When you try to mate parts with dowels that are not perfectly aligned you will have problems. This is different than a joint that is pegged and drawn.I use glue, but no glue is necessary if their are two pegs in each mortise. I also glue the peg.
What happens in a draw bored joint is, the tenon is pulled towards the joint, the peg bends a little as it is banged thru.This results in a very tight joint as long as the tenon is cut a bit short. I cut the tenons about 1/8" short of the mortise depth.You can release any clamps as soon as the pegs are thru. Sometimes I don't bother with clamps at all.I think you should try it out on a scrap first, make one hole 1/32" offset, try another at 1/16". I use 3/8" pegs most of the time, I point them with the old time pencil sharpeners.You can whittle,sand,block plane, etc to point the pegs.
mike
In a previous discussion on this technique, a poster who did entensive restorations related that his experieince was when antiques were disassembled, parts with failed joinery using offsets tended to crush and weaken the peg.

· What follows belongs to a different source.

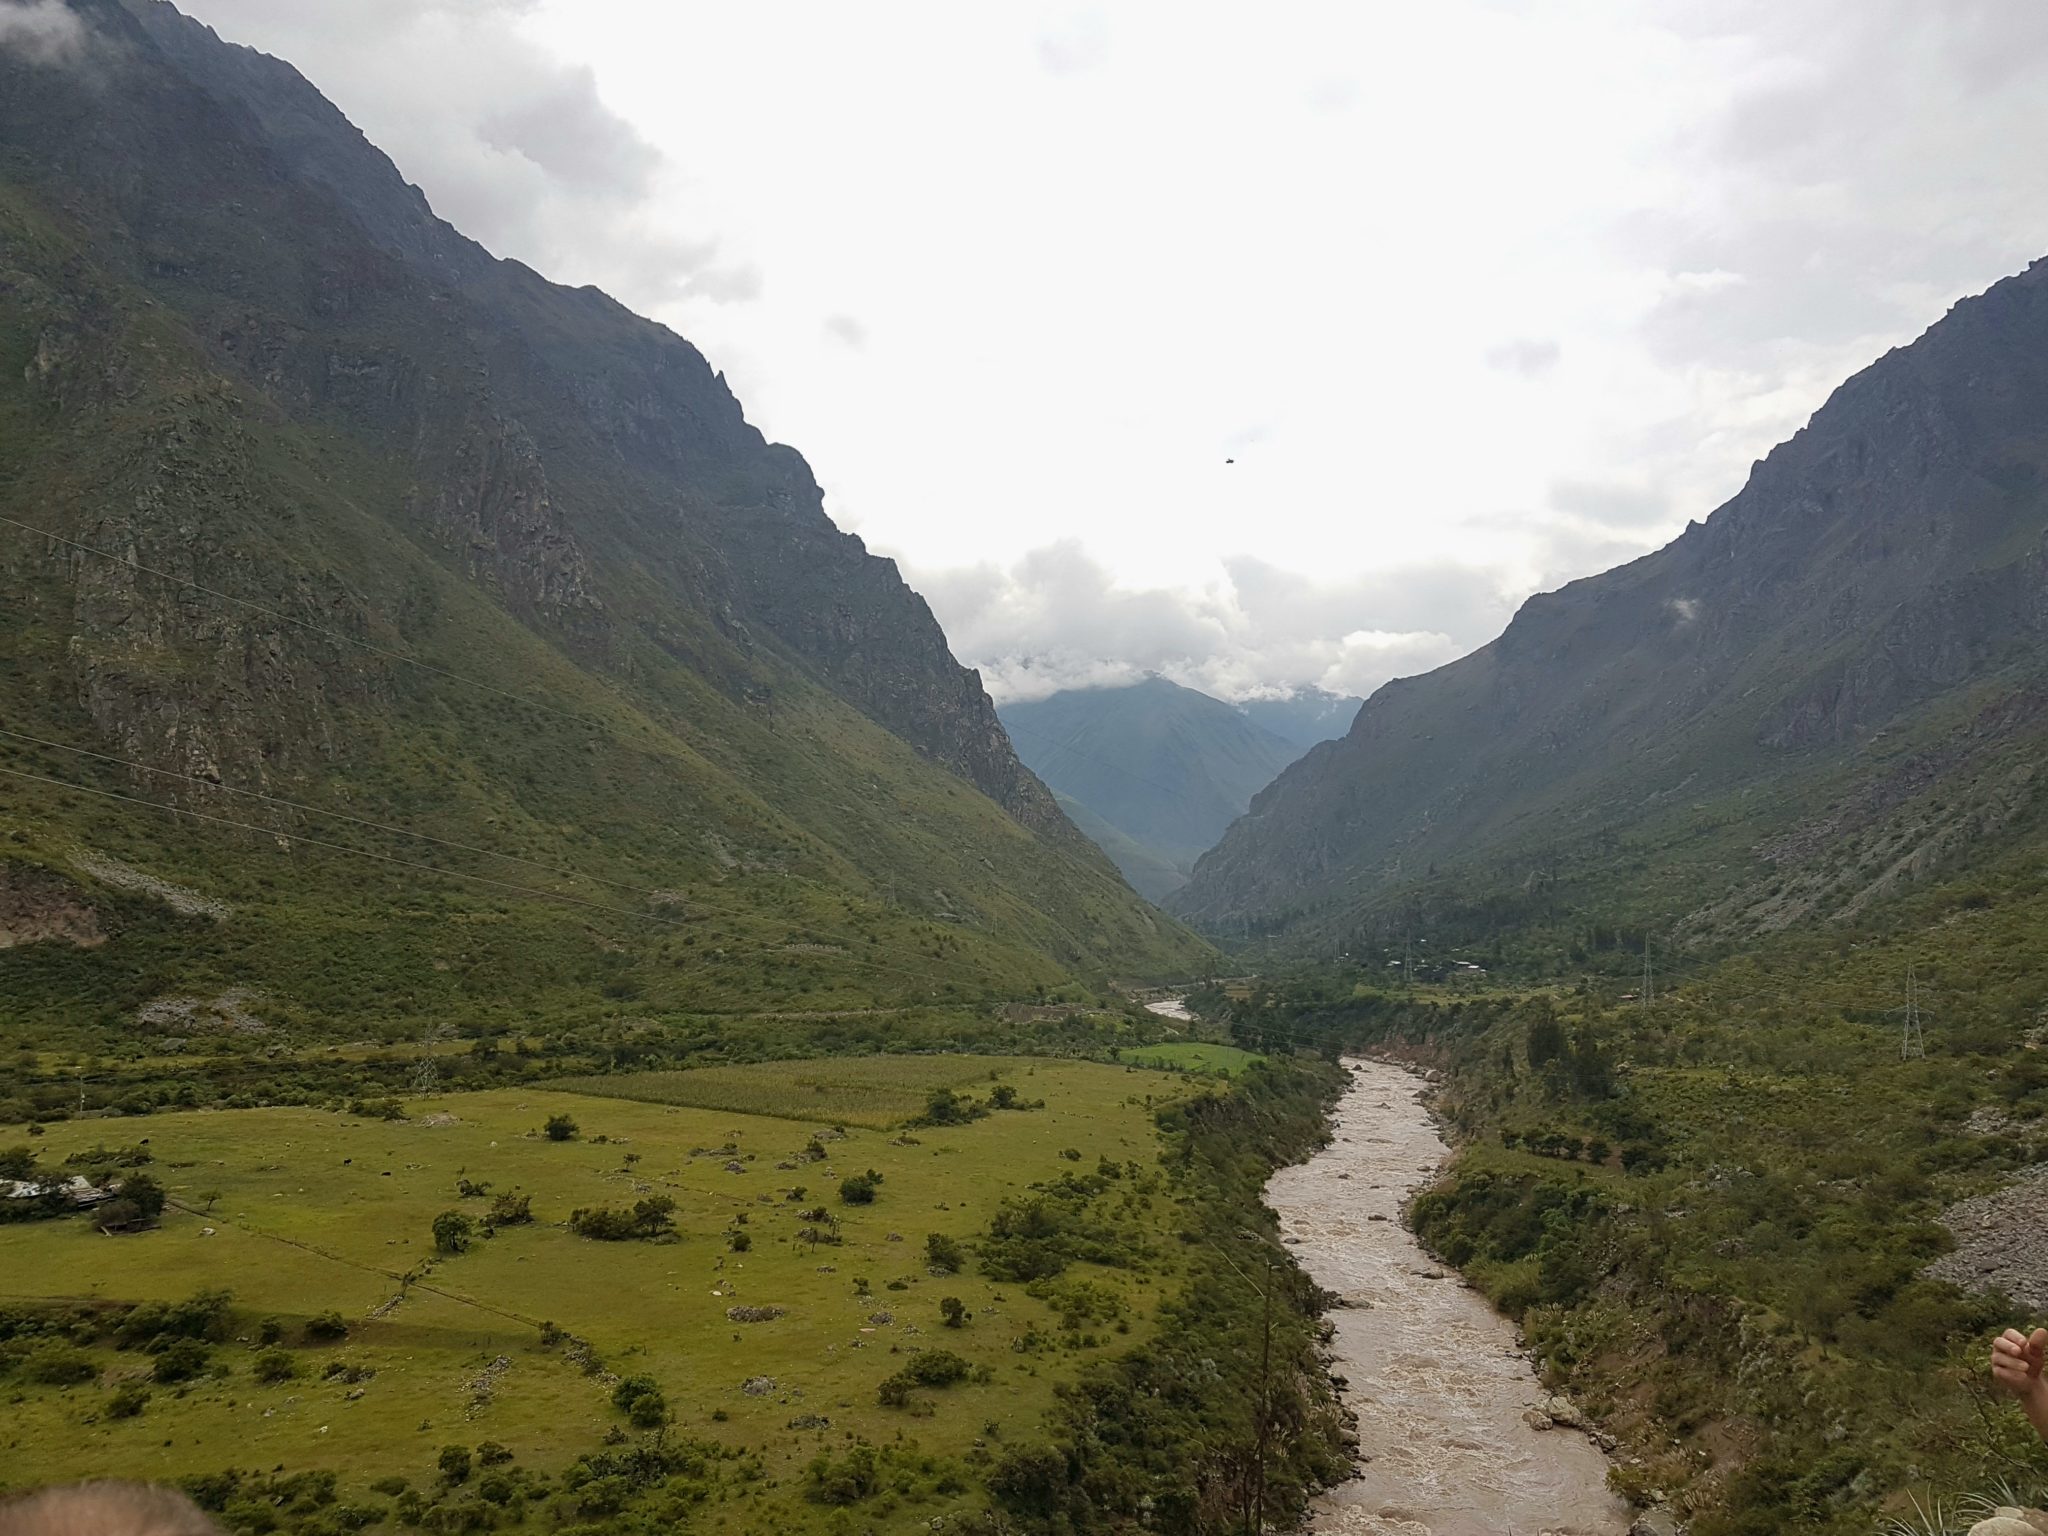 Machu Picchu Had Tons of Small Streams Running Down It
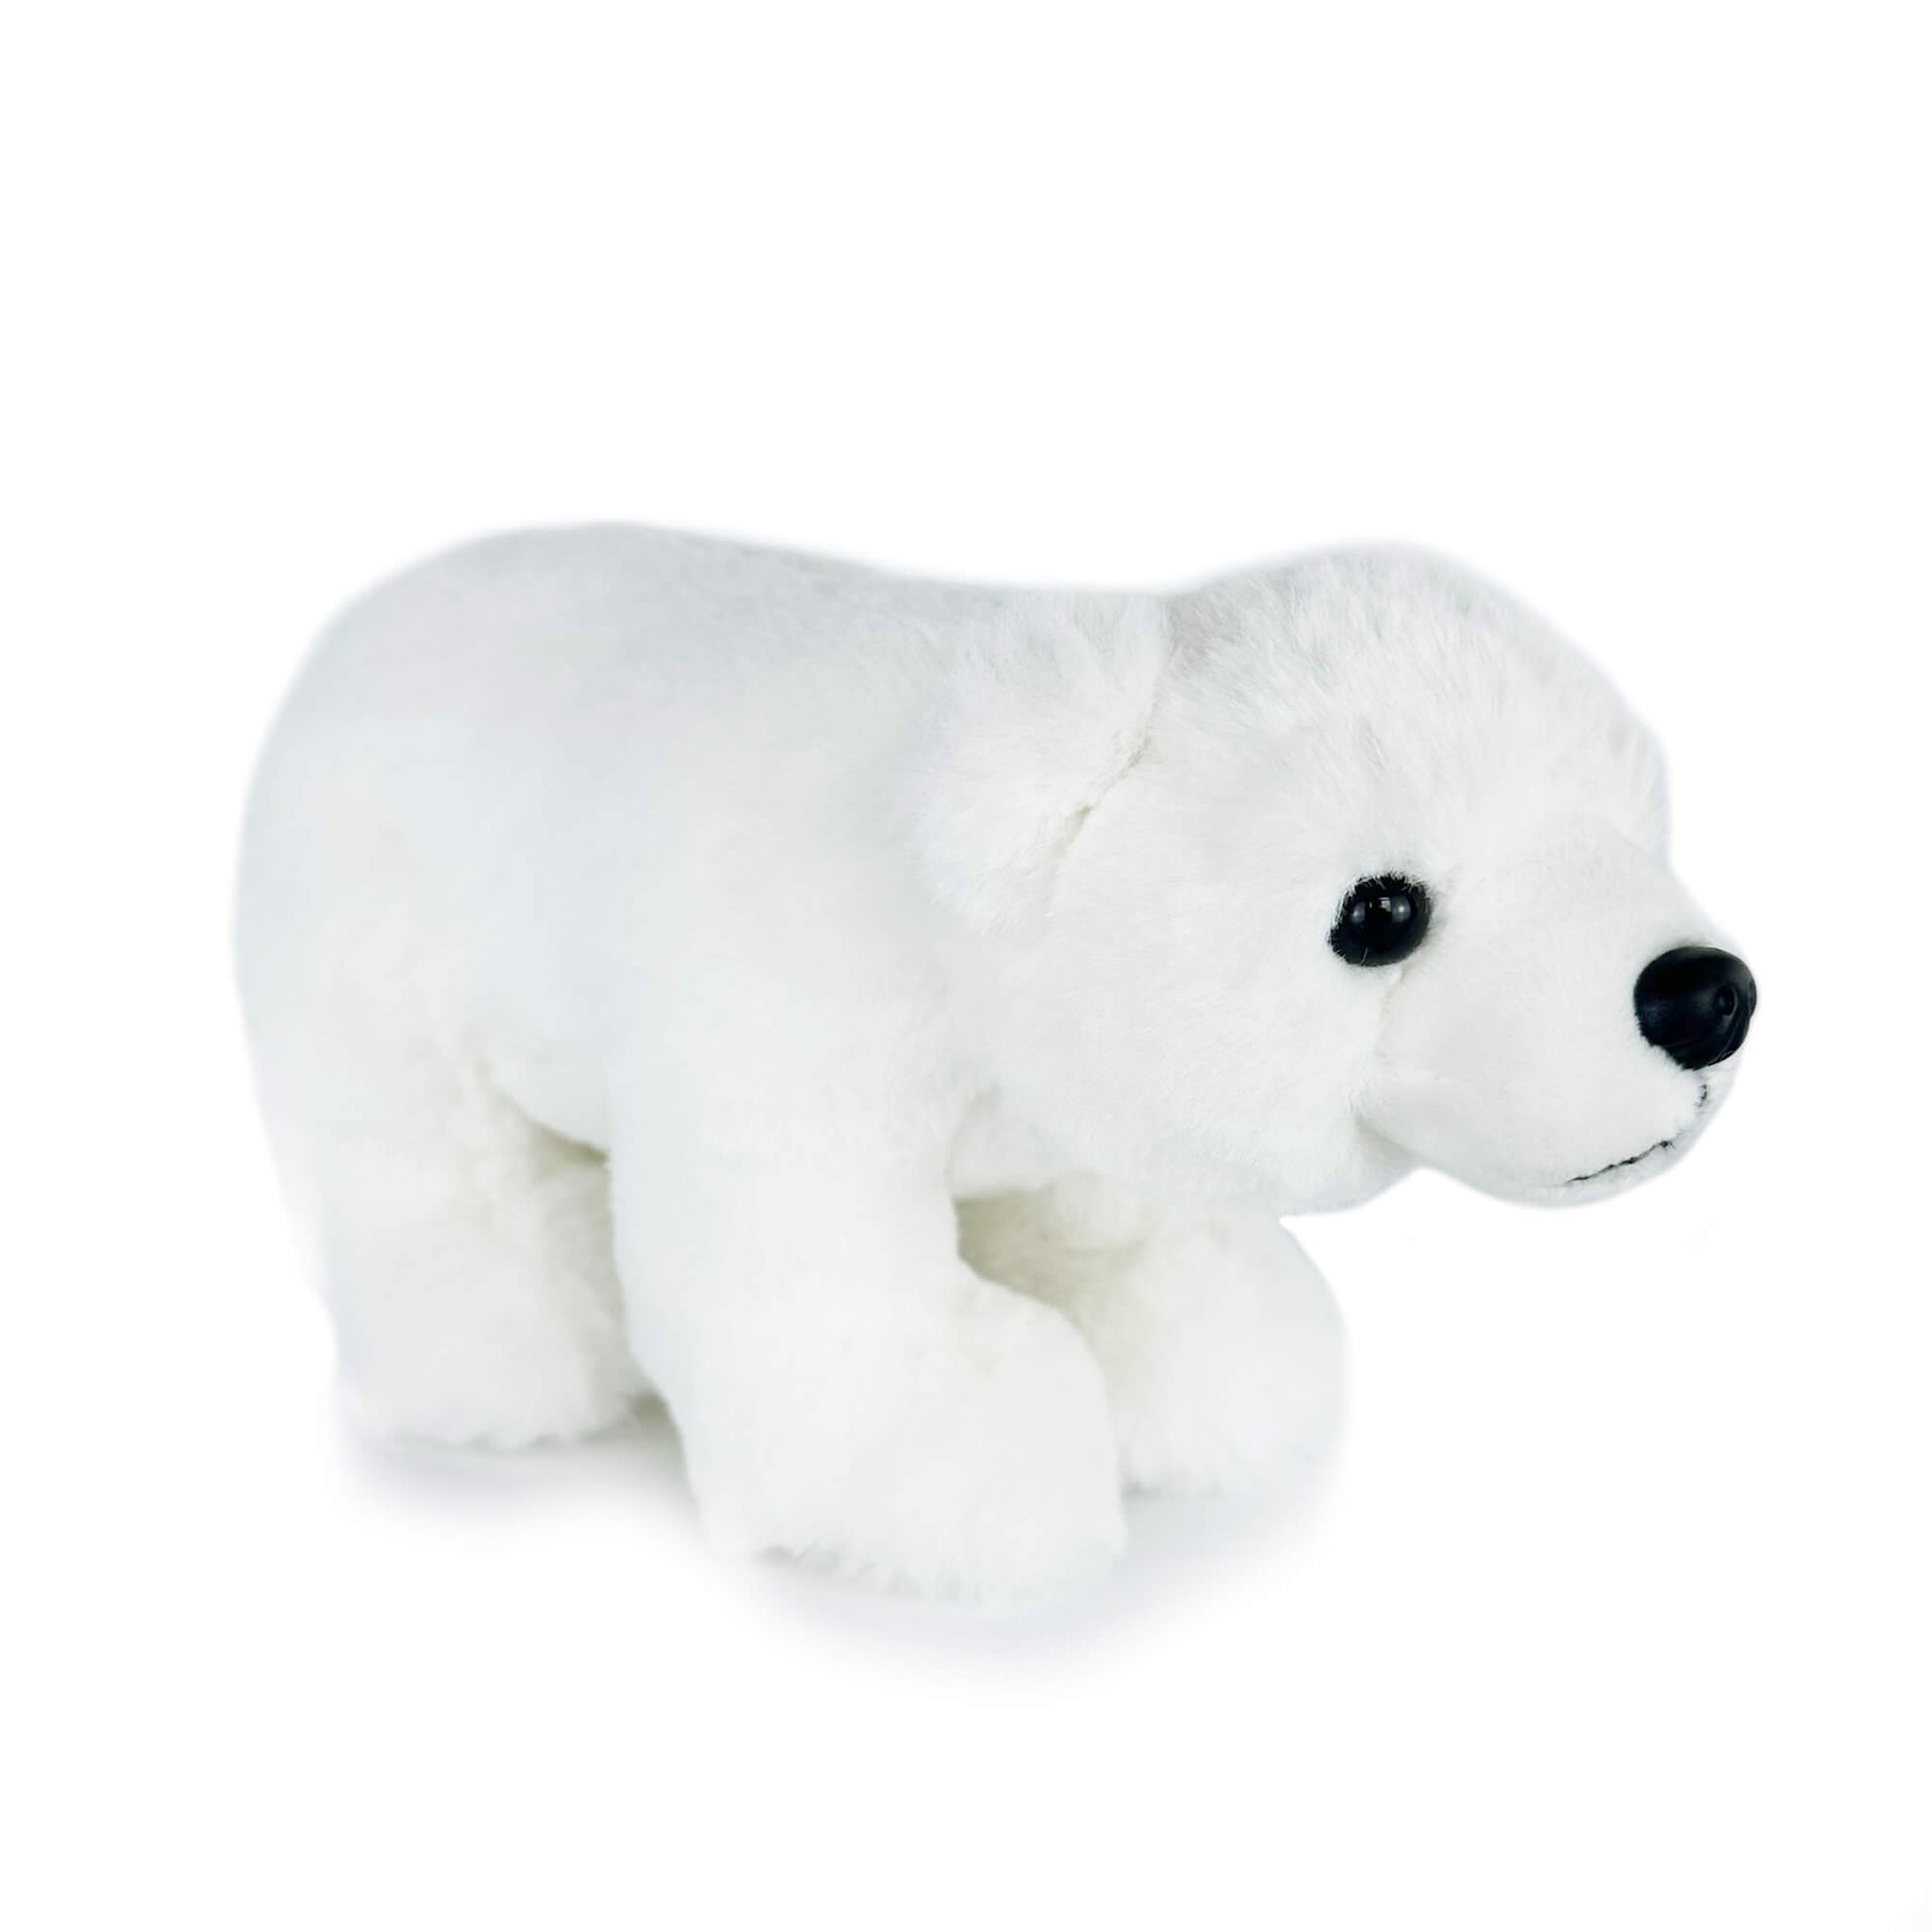 Cute white polar bear stuffed animal PlushThis

I've never used this approach but it seems to me if the only purpose if draw the joint tighter clamping and drilling and then inserting the peg while the joint is under clamp pressure should accomplish the same purpose.
I agree with the 2 previous messages. If the joint is glued and tightly clamped, drilling for the peg straight through at that point, and hammering in a tightly-fitting peg will achieve the intended effect.
But pegging using the offset method can achieve joinery that needs no glue at all.
It's very important to drill the cheek of the mortise piece as close to the shoulder of the tenon as possible. If the peg is too close to the end of the tenon (too far away from the shoulder) the small amount of tenon endgrain from the peg to the end of the tenon can pop out. This can easily happen with a through mortise and even in a closed mortise (which, even though closed, should have space between the end of the tenon and the blind end of the mortise).
Conversely, if the peg is too close to the tenon shoulder, the side grain of the mortise piece can be compromised.
Rich
Edited 7/15/2005 5:29 pm ET by Rich14
Another nicety about the technique:
This method of joinery predates the age of modern glues and was probably used partly due to bad experiences with glue failure. (Although it's hard to believe that practitioners of this method did not have hide glue at their disposal).
Round dowels are a "modern" development. Pegging was usually done with pegs of square cross section. (actually, they were not perfectly square. Being hand-made they may have had a few more sides than 4, but they were not round.) The holes were round, of course.
The square peg is slightly larger than the round hole. When driven home, the "corners" of the peg dig into the circumference of the hole, crushing the tissue of the mortise piece cheeks minutely, securing the peg.
The effect is delightful and looks very nice. I always use square cross section pegs, cut from the same hardwood as the piece, or a contrasting hardwood, when pinning a M&T joint. Never, ever use preformed (*ugh*) dowel material.
Rich
"....the "corners" of the peg dig into the circumference of the hole, crushing the tissue of the mortise piece cheeks minutely, securing the peg."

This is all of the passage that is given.